FORTY-TWO
FOG OUTSIDE BEDROOM WINDOWS

As soon as Getliffe finished his speech, the court rose for the weekend. He had created an impression upon many there, particularly the strangers and casual spectators. Even some who knew George well were more disturbed than they would admit. Someone told me that he thought the whole speech "shoddy to the core"; but by far the greater number were affected by Getliffe's outburst of feeling. They were not considering whether he was right or wrong; he was reflecting something which had been in the air the whole week, and which they had felt themselves. Whatever words he used, even if they disagreed with his "ideas," they knew that he was moved by the same emotions as themselves. They were certain that he was completely sincere.

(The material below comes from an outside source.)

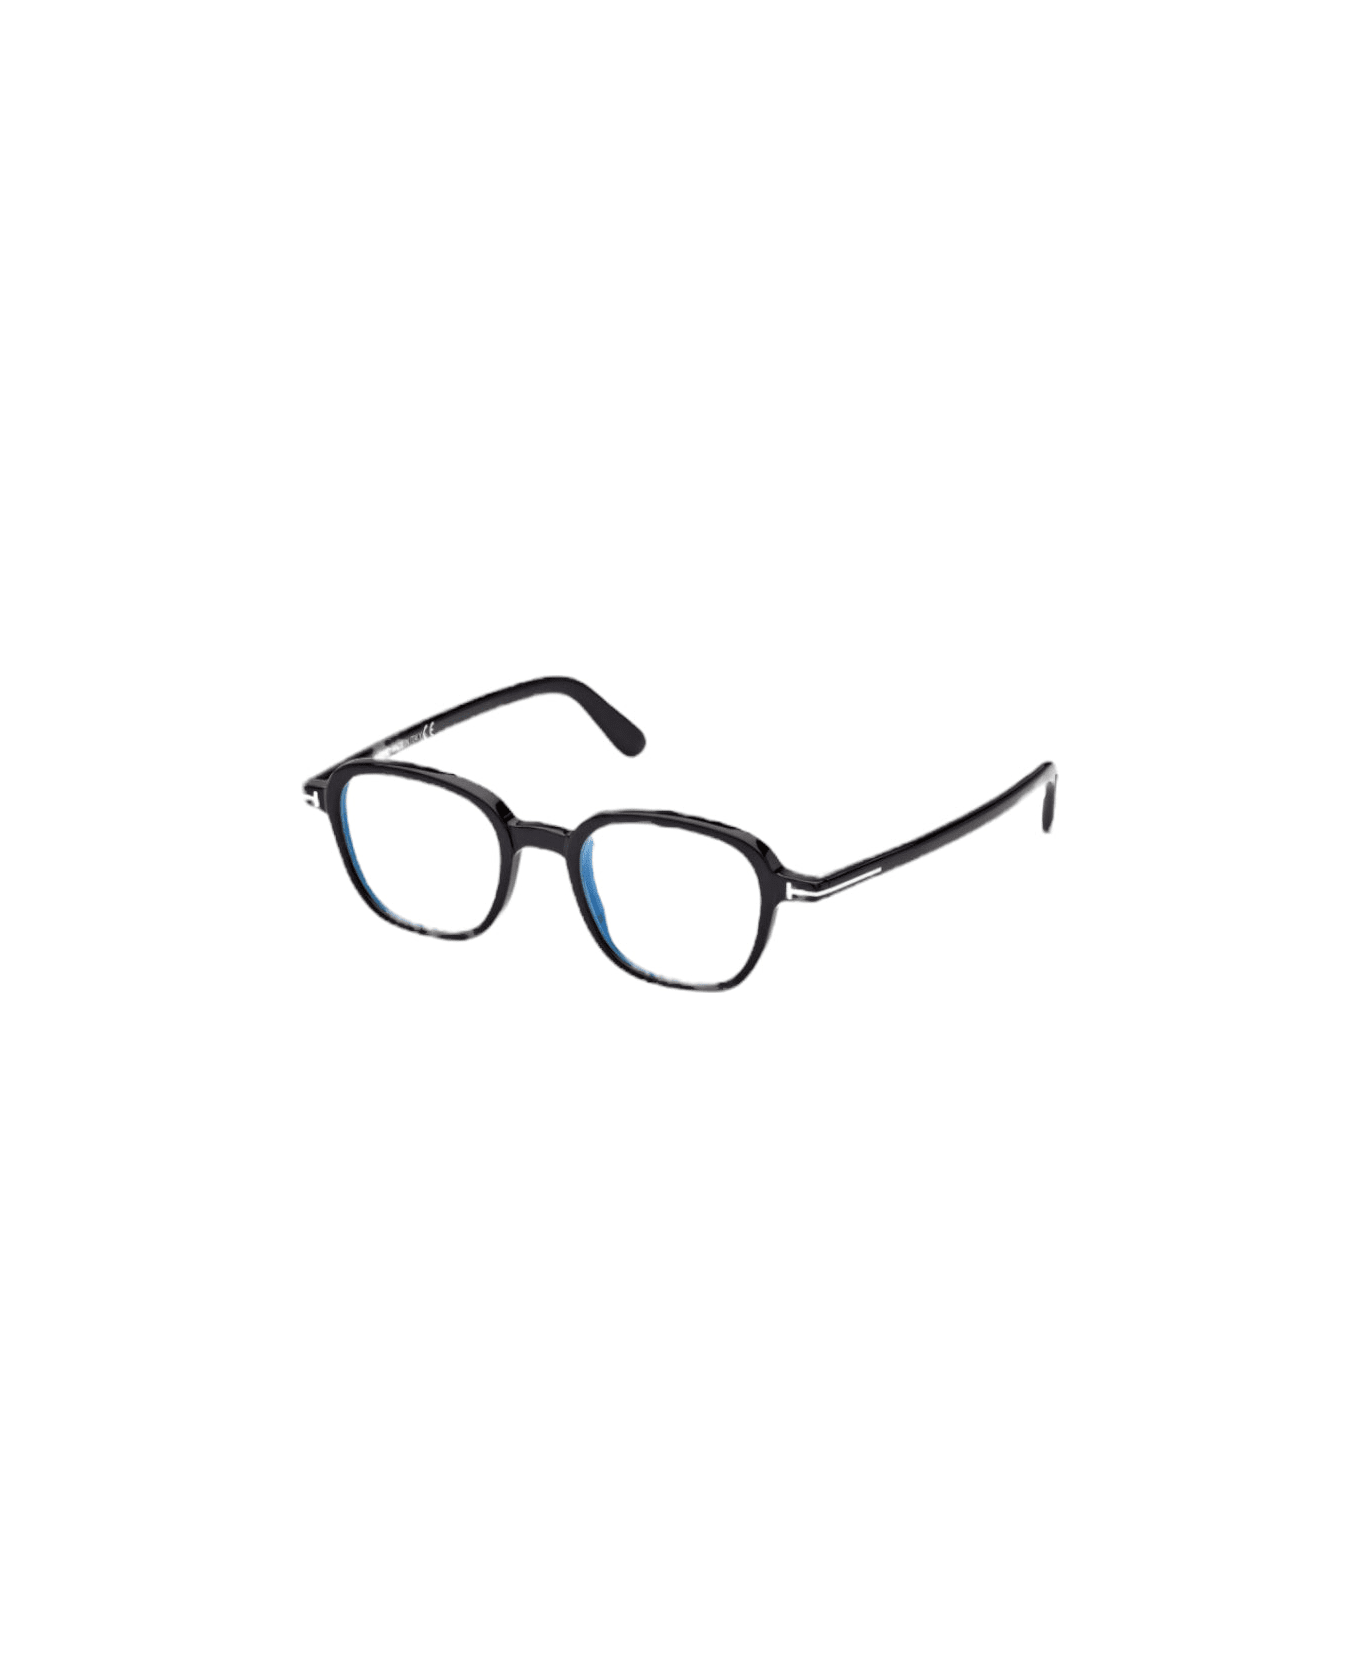 Tom Ford Eyewear Ft5837 - Black Glasses

I went to George's house after lunch. We did not mention the speech. For a time, George talked in a manner despondent and yet uncontrollably nervous and agitated. He had received that morning from the Principal the formal notice of dismissal from the School.

He took a piece of paper and began drawing a pattern like a spider's web with small letters beside each intersection. Some time later, Roy arrived. George did not look up from his paper for a moment. At last he raised his head slowly.

"What is it now?" he said.

"I just called in," said Roy. He turned his head away, and hesitated. Then he said:

"Yes, there is something. It can't be kept quiet. They've gone for Rachel."

"What?"

"They've asked her to leave her job."